Search the material for the word "einen" and copy every line in which it occurs.

* **RECORDS SUPPLIED**:

- - - -

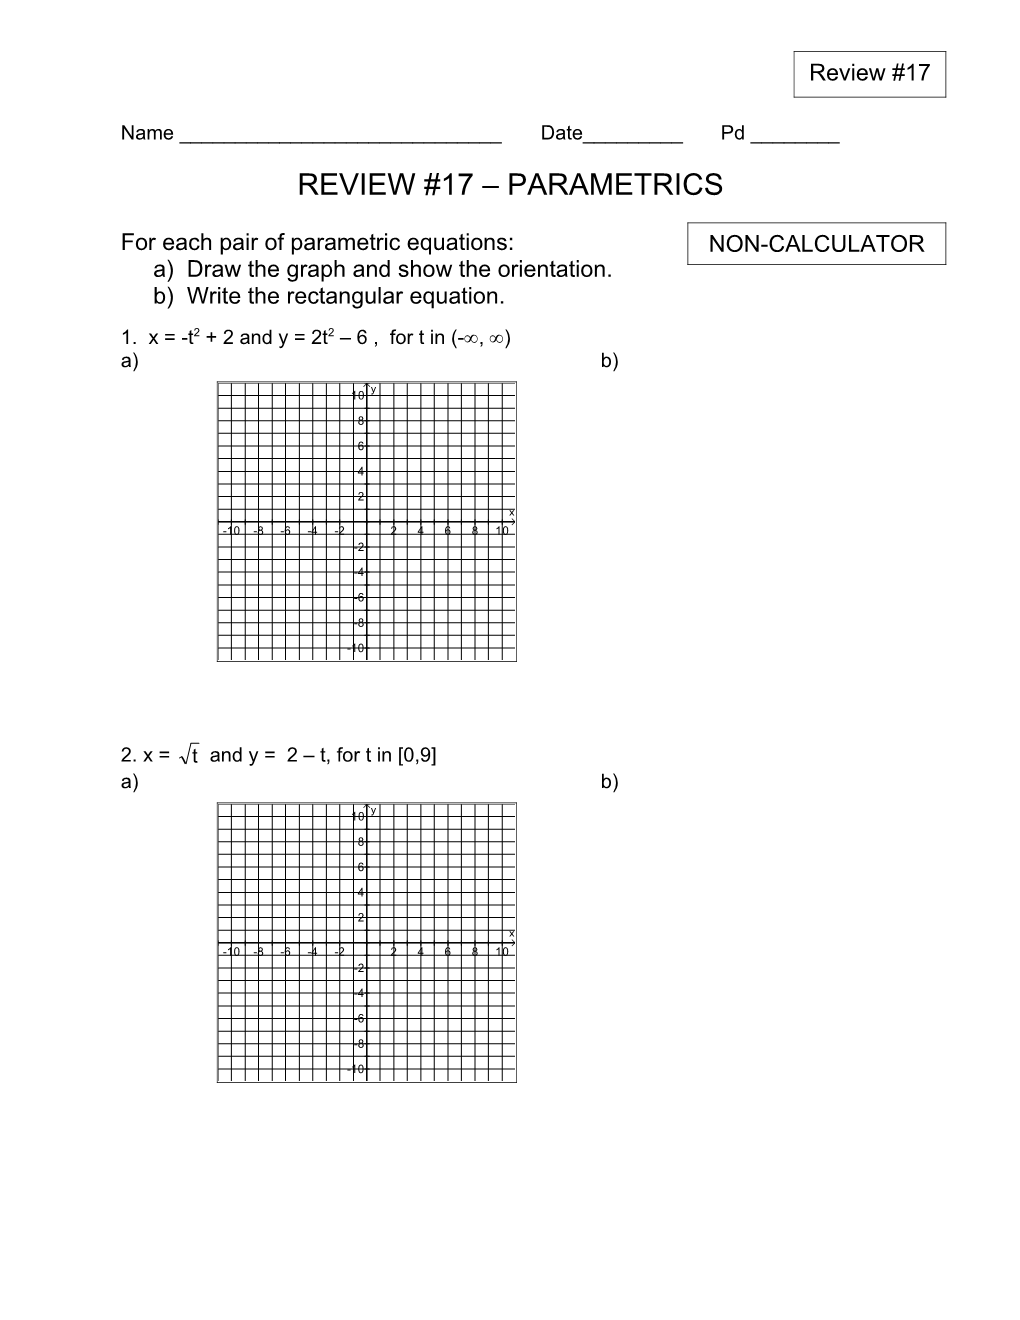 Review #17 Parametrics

- - - -

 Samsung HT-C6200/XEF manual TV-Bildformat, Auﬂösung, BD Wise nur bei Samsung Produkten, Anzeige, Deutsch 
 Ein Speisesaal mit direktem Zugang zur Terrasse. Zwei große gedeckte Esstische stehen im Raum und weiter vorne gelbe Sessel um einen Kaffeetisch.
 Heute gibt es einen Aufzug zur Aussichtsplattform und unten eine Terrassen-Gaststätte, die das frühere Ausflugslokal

- - - -

* **EXERCISE ANSWER**:
 Ein Speisesaal mit direktem Zugang zur Terrasse. Zwei große gedeckte Esstische stehen im Raum und weiter vorne gelbe Sessel um einen Kaffeetisch.
 Heute gibt es einen Aufzug zur Aussichtsplattform und unten eine Terrassen-Gaststätte, die das frühere Ausflugslokal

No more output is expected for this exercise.